3. They’re low maintenance
As electric vehicles don’t have combustion engines, they don't require as much maintenance such as oil or transmission fluid changes, new spark plugs, fuel filters or drive belts. Additionally, electric vehicle brakes don't tend to wear as quickly as conventional cars. With less fixes, you’ll be saving lots of time and money.
4. You’ll receive grants and tax credits
In order to make electric vehicles more appealing, the government introduced an incentive of 35% off the purchase price up to £3,000 for a new low-emission vehicle. For businesses buying electric vehicles for a company car or business fleet, there are a number of incentives. Companies choosing an electric car from April 2020, will have a zero tax on Benefit in Kind (BiK) during 2020/21.

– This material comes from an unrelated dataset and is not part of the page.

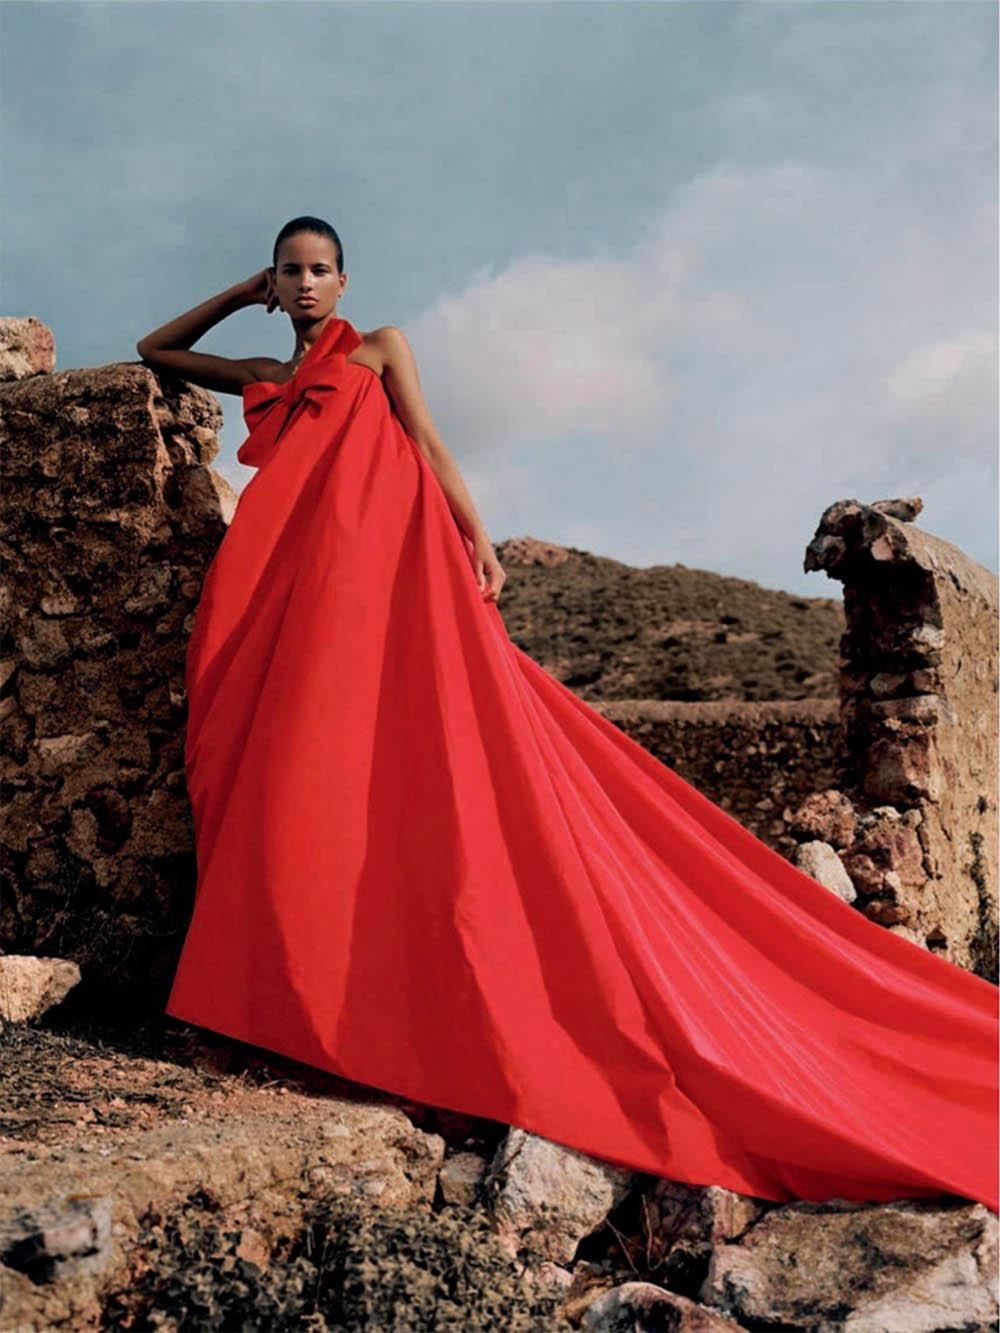 Litza Veloz by Anya Holdstock for Vogue Spain February 2020

They will also be eligible for 100% first year capital allowances. For a car costing roughly £40,000, you could save £7,600 in tax relief in the first year. There’s no need to pay road tax on electric vehicles either, as they have no tailpipe emissions. Electric vehicles are also exempt from paying congestion charges, which are currently £11.50 per day in London.
5. They’re incredibly quiet
Roads are going to become far quieter in 2035 as electric vehicles are almost silent. They’re so quiet that many have noise-making devices installed to warn nearby pedestrians of their presence.
Cons of Electric Vehicles
1. Electric vehicles have short ranges
Although electric vehicles are rapidly improving, they still have limited ranges of between 60-370 miles per charge, which isn’t ideal for long journeys or travelling in rural areas where there are fewer charging ports.
2. Charging takes a long time
Filling a car up with fuel takes a few minutes, but for some electric vehicles, it takes around four hours, with some even taking 15 hours. However, this time is set to go down as companies such as Tesla release Superchargers that can complete a full charge in 15 minutes.
3. Initial cost
Electric vehicles cost significantly more than conventional cars, which can certainly be off putting to a potential buyer. On the other hand, the savings in fuel and maintenance costs will outweigh the initial cost, which may be more appealing to some buyers.
4. There’s limited availability of charging ports
Many homes and car parks don’t have adequate space for large charging ports to charge cars up, so the availability of chargers would be limited. Not to mention, if you are travelling to more rural parts of the country, you’ll need to have a plan for how you’re going to charge up. Luckily, as electric vehicles become more common, so will the charging ports.
5. There’s less choice
Although there are far more choices of electric vehicles now than there were previously, the variety still remains limited as most car brands continue to produce conventional cars without the EV option. However, if you’re willing to wait there will most certainly be an option of EV in every car model once the 2035 ban comes into action.
Will Electric Vehicles Be Used in Fleets?
With the ban on conventional vehicles coming into force in 2035, fleet drivers will eventually have to change over to an electric vehicle. Although electric cars and vans are becoming more readily available, electric lorries are still yet to be developed for mass production. This is because lorries will require more electricity than smaller vehicles and usually do much longer distances, meaning they will need a much greater charging range.
Once electric lorries are produced, the change from conventional ones could be a move that saves businesses thousands every year on fuel, maintenance costs and tax.